Ms Maxwell, 59, is accused of recruiting and grooming four teenage girls for the late financier Jeffrey Epstein, her ex-boyfriend and employer, between 1994 and 2004.

She has pleaded not guilty to six counts of sex trafficking and other crimes. Epstein took his own life in 2019 in a Manhattan jail while awaiting trial on sex abuse charges.

On Wednesday (local time), US District Judge Alison Nathan dismissed jurors for the long weekend for the festive holiday – Christmas Day is also Ms Maxwell’s 60th birthday.

Ms Maxwell is detained at Brooklyn’s notorious Metropolitan Detention Centre, where she has said her cell has been plagued by vermin and the scent of raw sewage.

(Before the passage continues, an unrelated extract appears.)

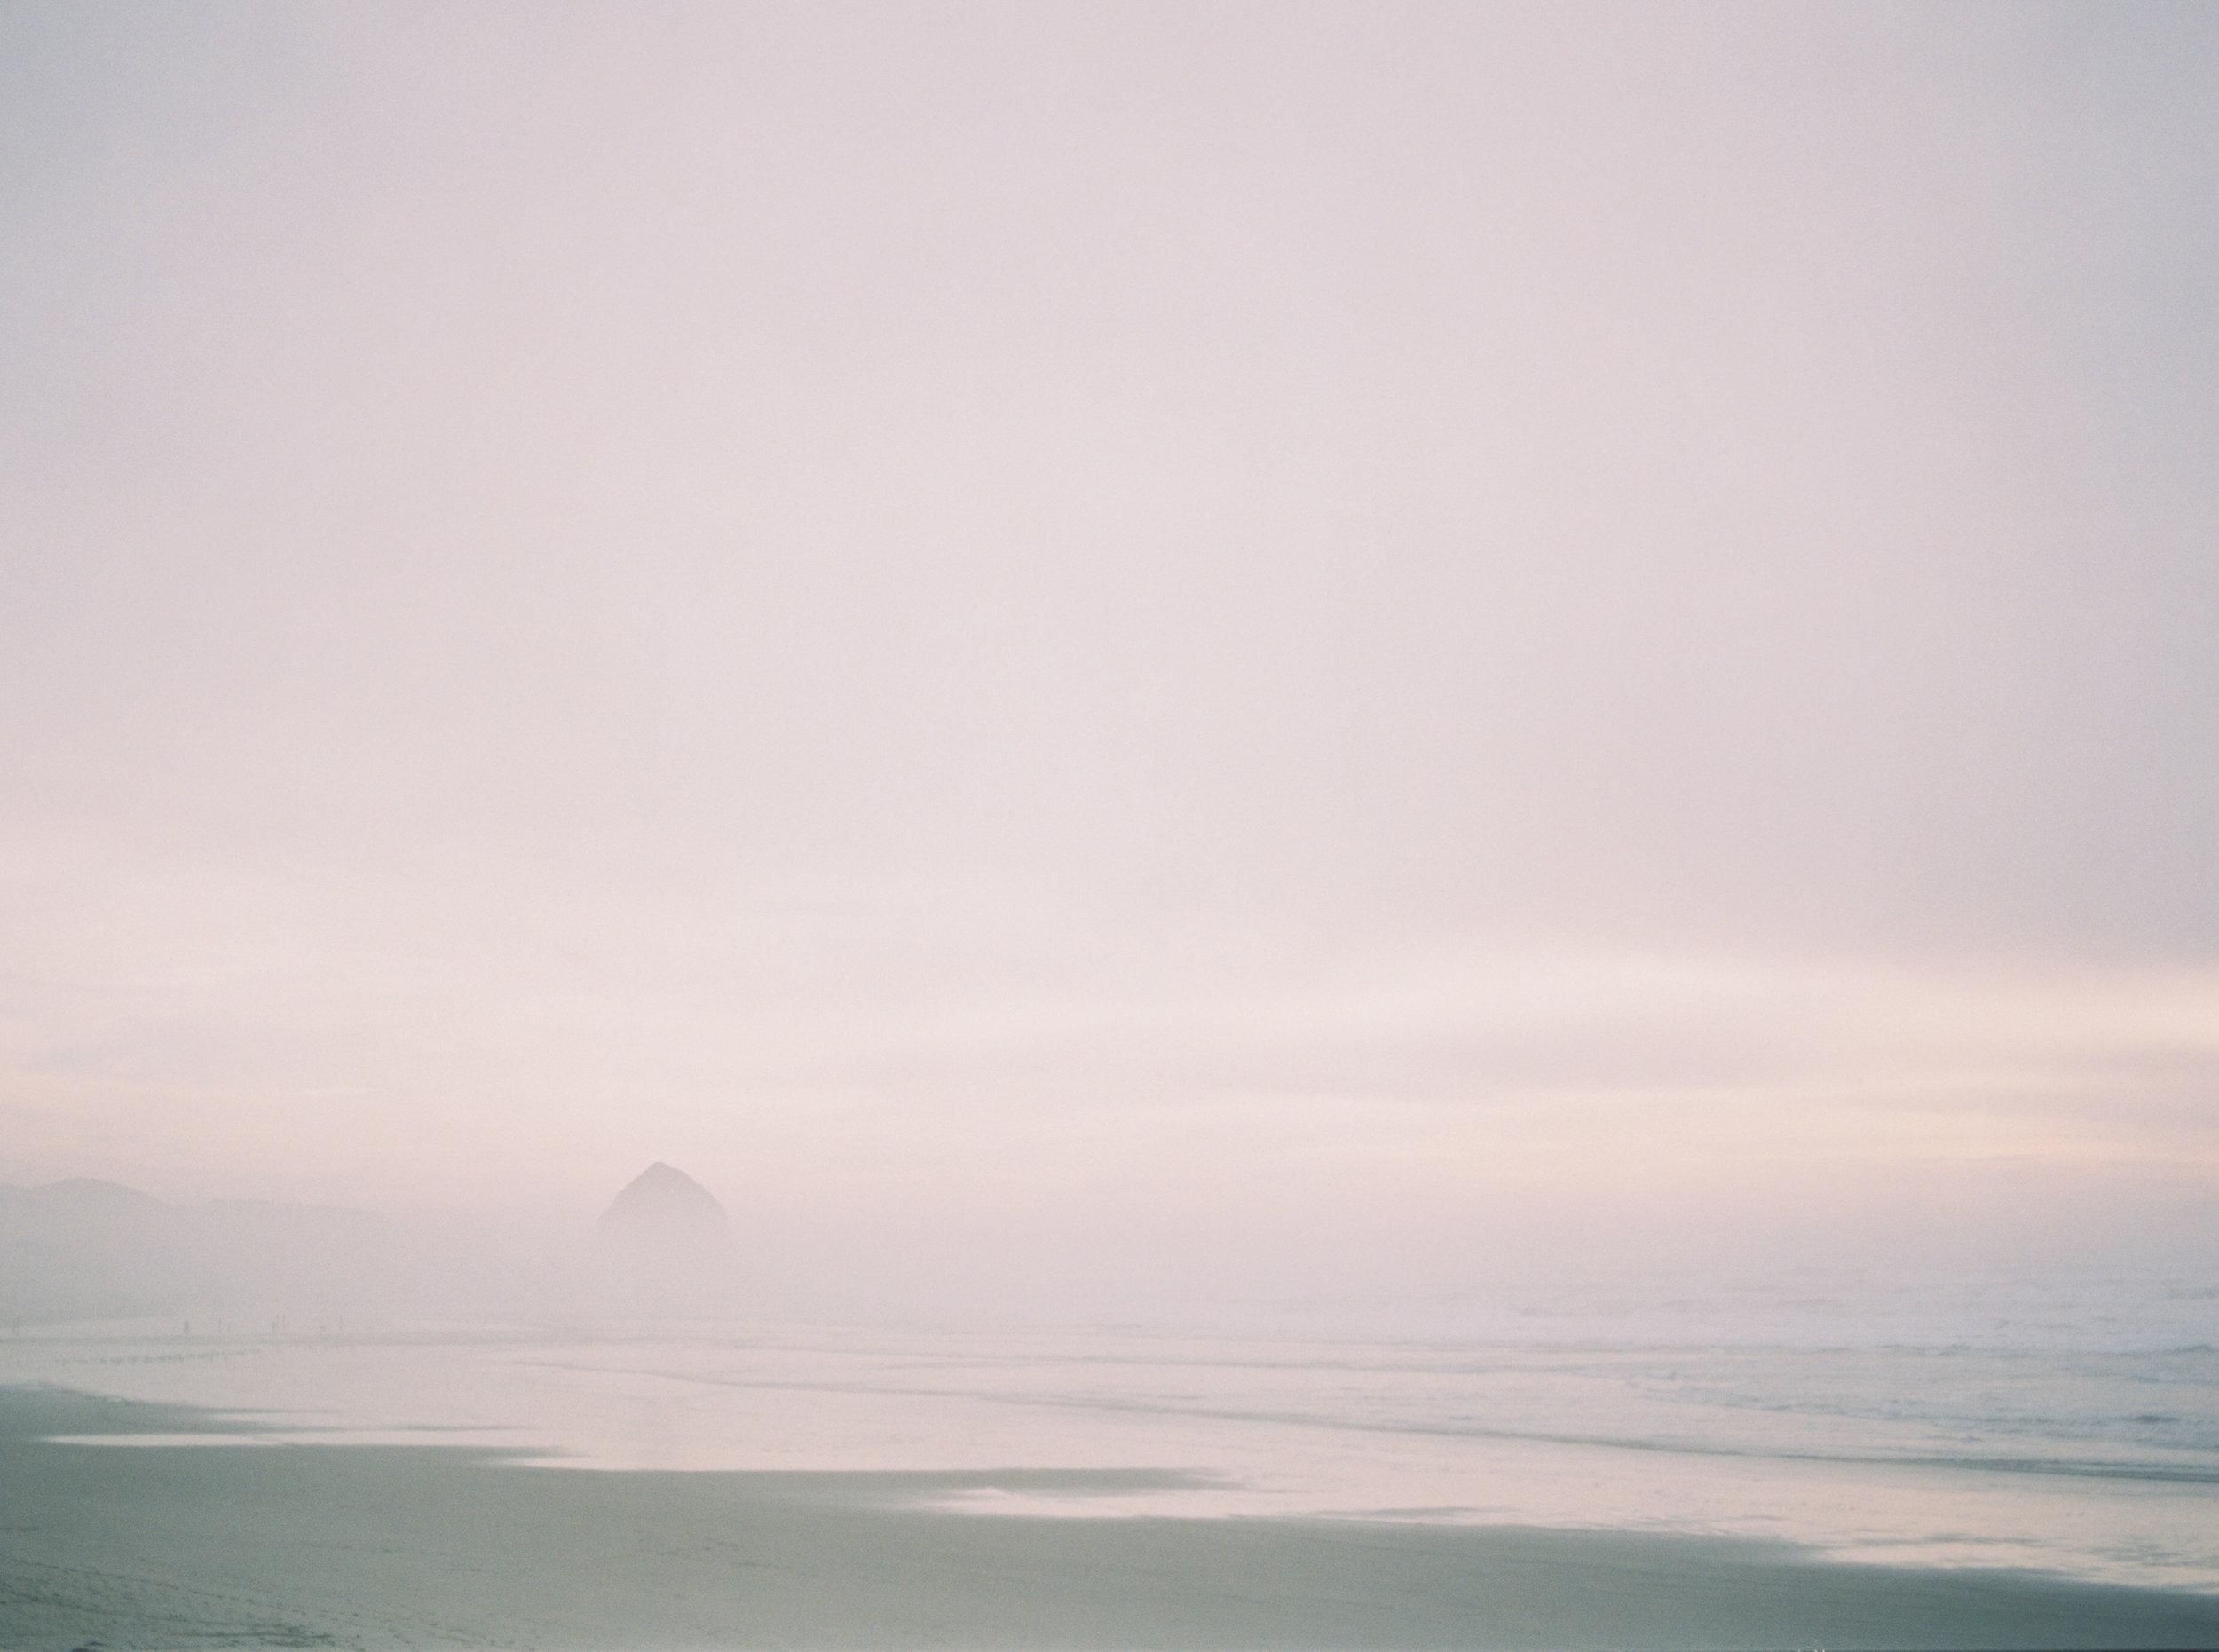 jakeanderson-filmphotographer-destinatinophotographer-travel-unearthingtc-27.jpg
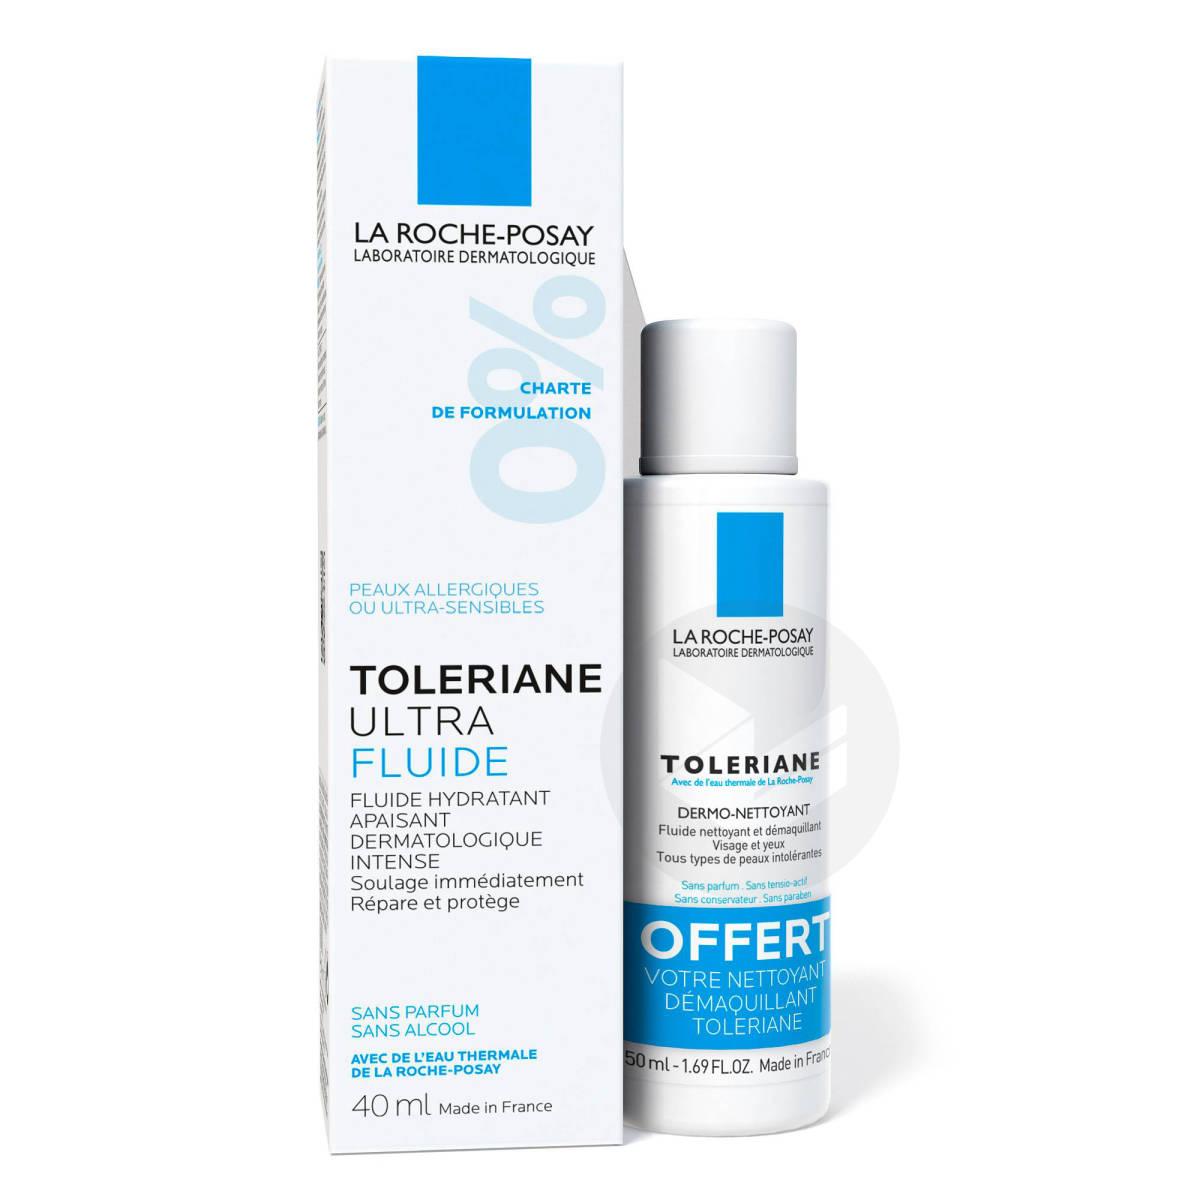 Toleriane Ultra Fluide hydratant apaisant intense 40ml  + Démaquillant offert

Deliberations will resume on Monday.

“Please stay safe over the long weekend,” Judge Nathan told jurors.

“Obviously we’ve got the [Omicron] variant and I need all of you here and healthy on Monday.”

Along with the cases of movie producer Harvey Weinstein and singer R. Kelly, Ms Maxwell’s case is among the highest-profile trials to take place since the emergence of the MeToo movement, which encouraged women to speak out about sexual abuse by famous and powerful people.

The Manhattan federal court jury requested transcripts of the testimony of four women who said Ms Maxwell played a crucial role in their abuse by Epstein.

That suggests they are scrutinising their accounts carefully, after Ms Maxwell’s lawyers focused their defence on challenging the accusers’ credibility.

To be sure, the requests do not indicate what jurors are thinking regarding Ms Maxwell’s guilt or innocence.

On Tuesday, they asked to review the testimony of three of the women: Jane, Carolyn, and Annie Farmer. Ms Maxwell’s lawyers had questioned the women aggressively about why their stories appeared to shift over the years.

On Wednesday, the jury asked to read transcripts of the accounts of the fourth accuser, a woman testifying under the pseudonym Kate, and Juan Alessi, the former house manager at Epstein’s Palm Beach, Florida, estate who said he saw Jane at the property.

Kate said she was 17 in 1994 when Ms Maxwell introduced her to Epstein in London. Kate testified that she then had several sexual encounters with Ms Epstein.

Judge Nathan instructed the jury that Kate was above the age of consent at the time, so she was not the victim of any crime. But the judge said they could consider her testimony if they found it useful in evaluating the charges against Ms Maxwell.

Deliberations began late on Monday afternoon following a three-week trial.